§ Required work
From the records below, set down exactly the lines starting with the line that contains "Hoàng thái tử Fumihito Akishino là" and going on through the line that contains "Ancienne illustration des". Nothing else is wanted.

§ Material provided
►
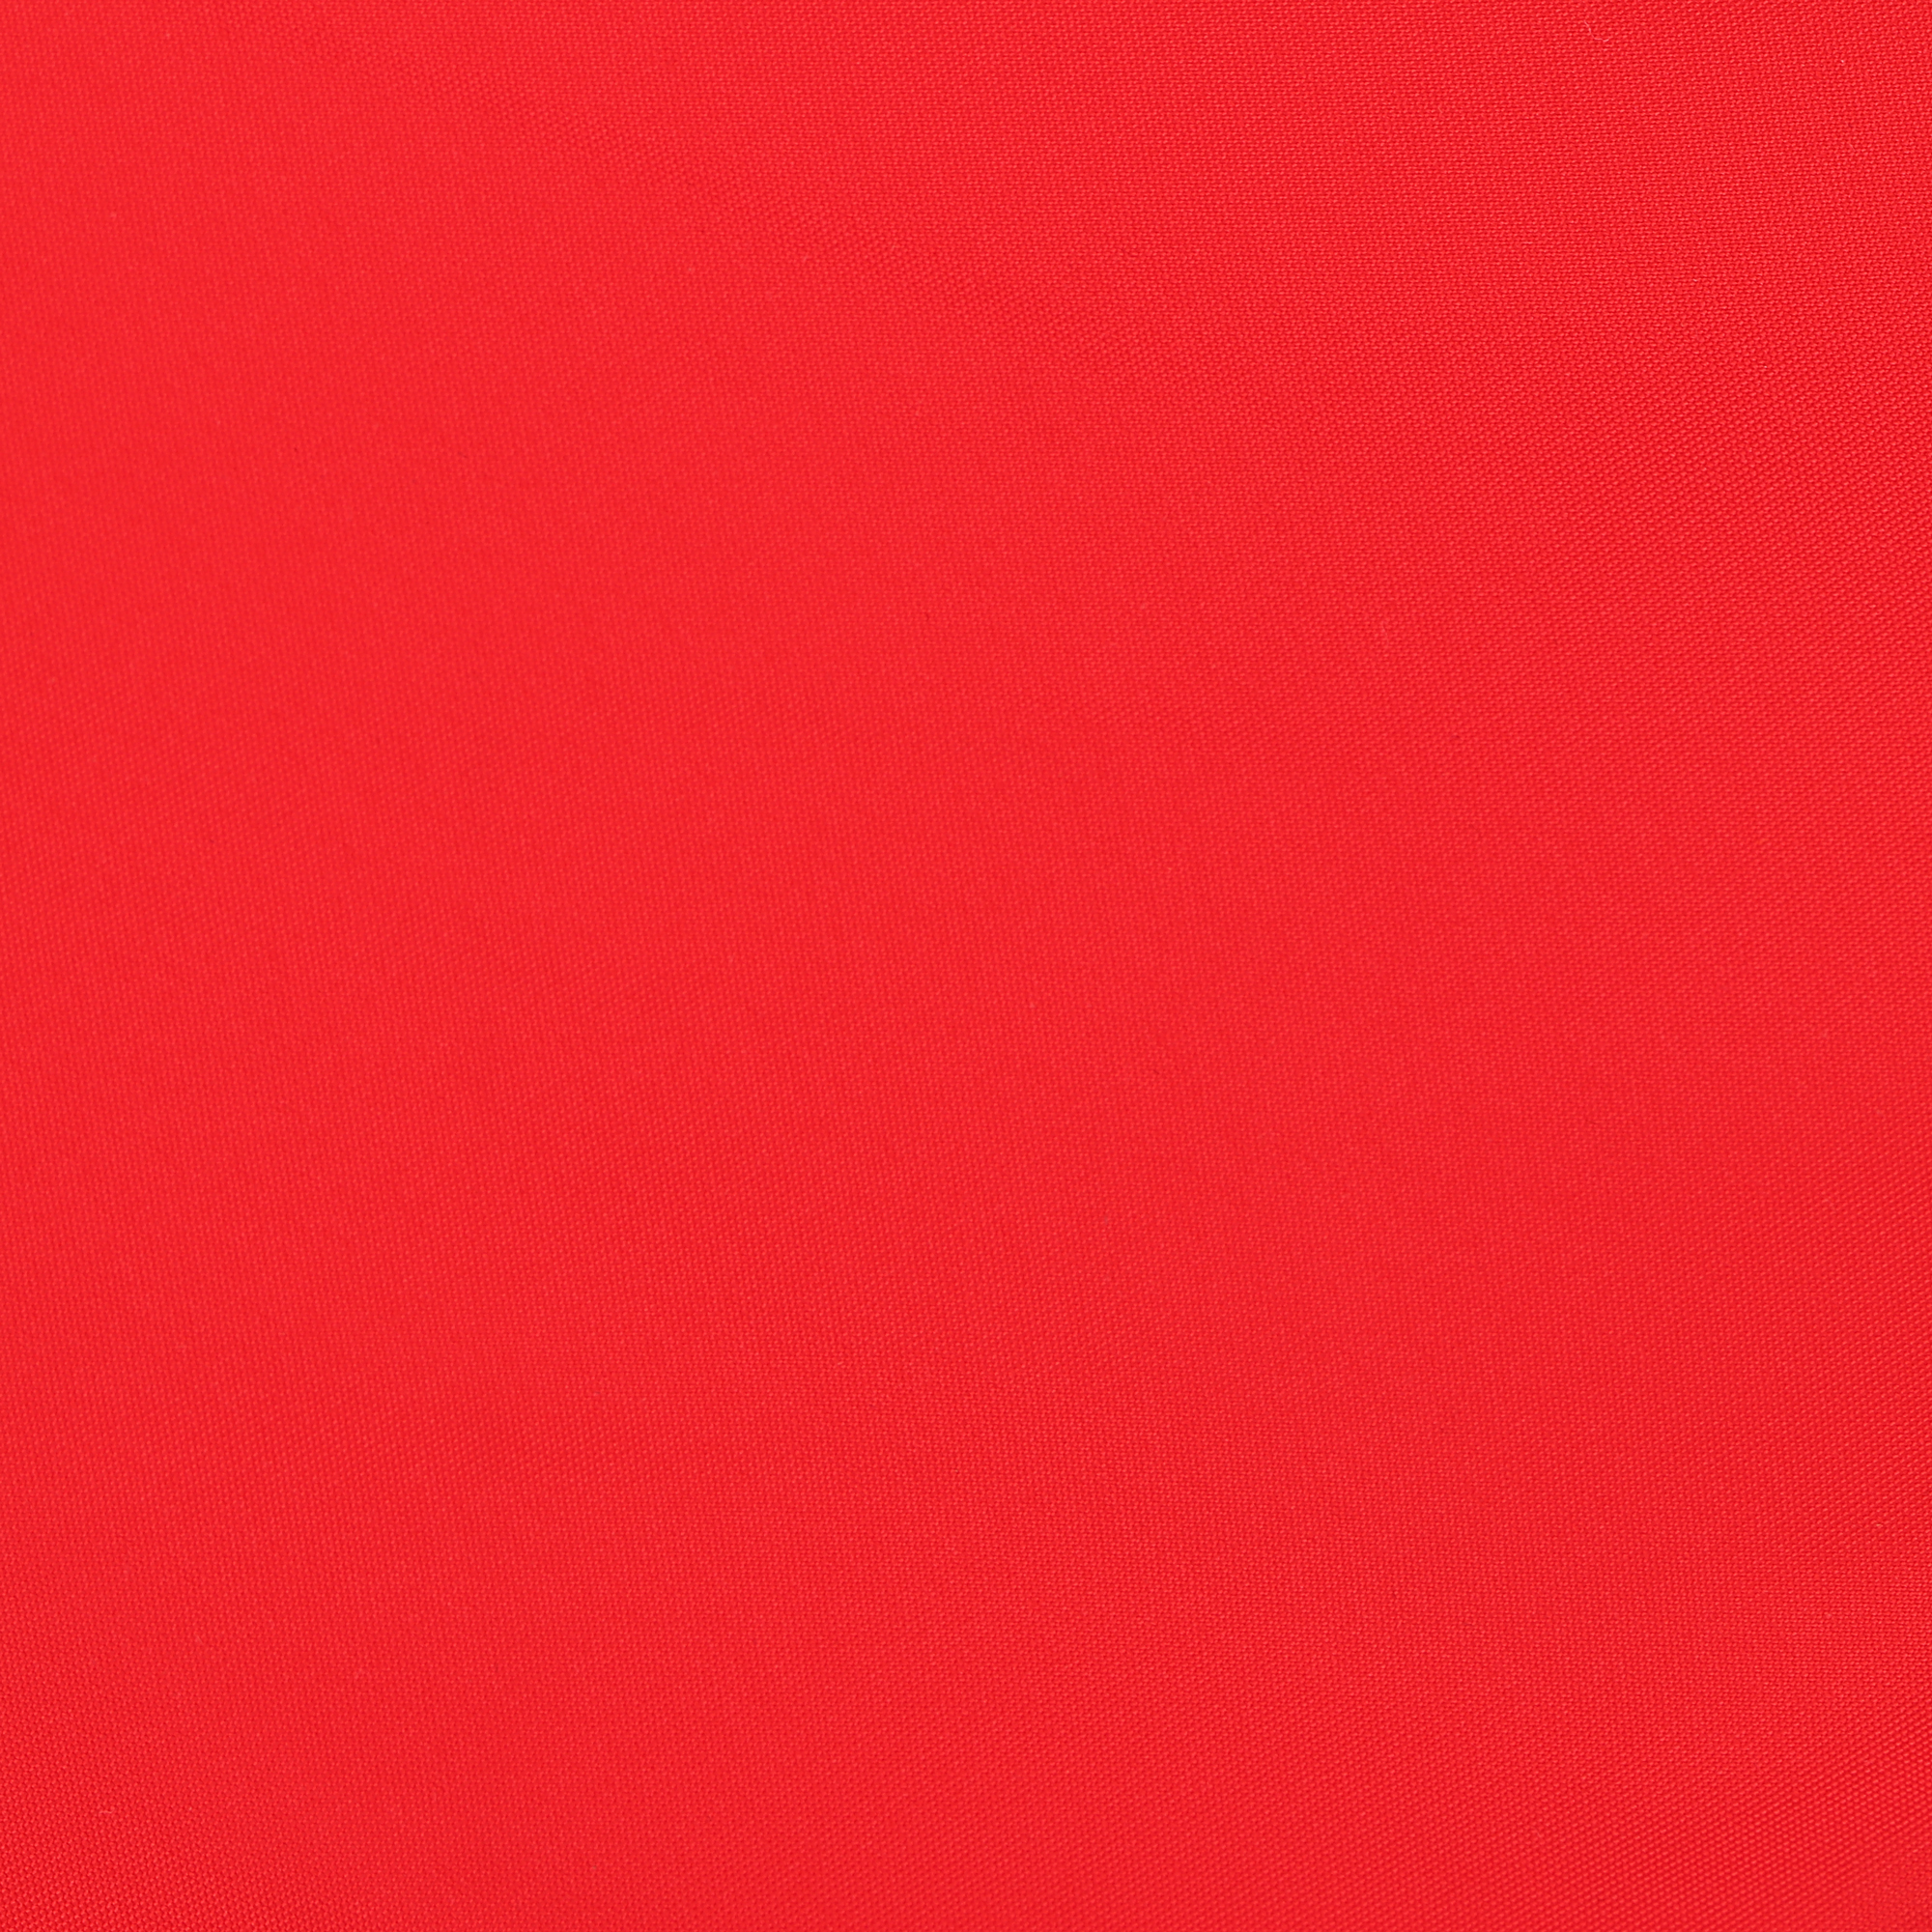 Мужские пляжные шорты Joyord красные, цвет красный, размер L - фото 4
◄
►
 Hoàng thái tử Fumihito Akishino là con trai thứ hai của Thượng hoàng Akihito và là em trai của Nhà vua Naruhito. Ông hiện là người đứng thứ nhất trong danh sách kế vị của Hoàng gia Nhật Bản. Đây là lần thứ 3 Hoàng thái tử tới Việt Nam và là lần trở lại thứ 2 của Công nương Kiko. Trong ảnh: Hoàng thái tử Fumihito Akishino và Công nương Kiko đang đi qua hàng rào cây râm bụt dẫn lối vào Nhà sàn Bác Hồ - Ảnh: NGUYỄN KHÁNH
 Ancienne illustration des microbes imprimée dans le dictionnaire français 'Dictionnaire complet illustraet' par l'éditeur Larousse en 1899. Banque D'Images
◄
§ Response to this exercise
 Hoàng thái tử Fumihito Akishino là con trai thứ hai của Thượng hoàng Akihito và là em trai của Nhà vua Naruhito. Ông hiện là người đứng thứ nhất trong danh sách kế vị của Hoàng gia Nhật Bản. Đây là lần thứ 3 Hoàng thái tử tới Việt Nam và là lần trở lại thứ 2 của Công nương Kiko. Trong ảnh: Hoàng thái tử Fumihito Akishino và Công nương Kiko đang đi qua hàng rào cây râm bụt dẫn lối vào Nhà sàn Bác Hồ - Ảnh: NGUYỄN KHÁNH
 Ancienne illustration des microbes imprimée dans le dictionnaire français 'Dictionnaire complet illustraet' par l'éditeur Larousse en 1899. Banque D'Images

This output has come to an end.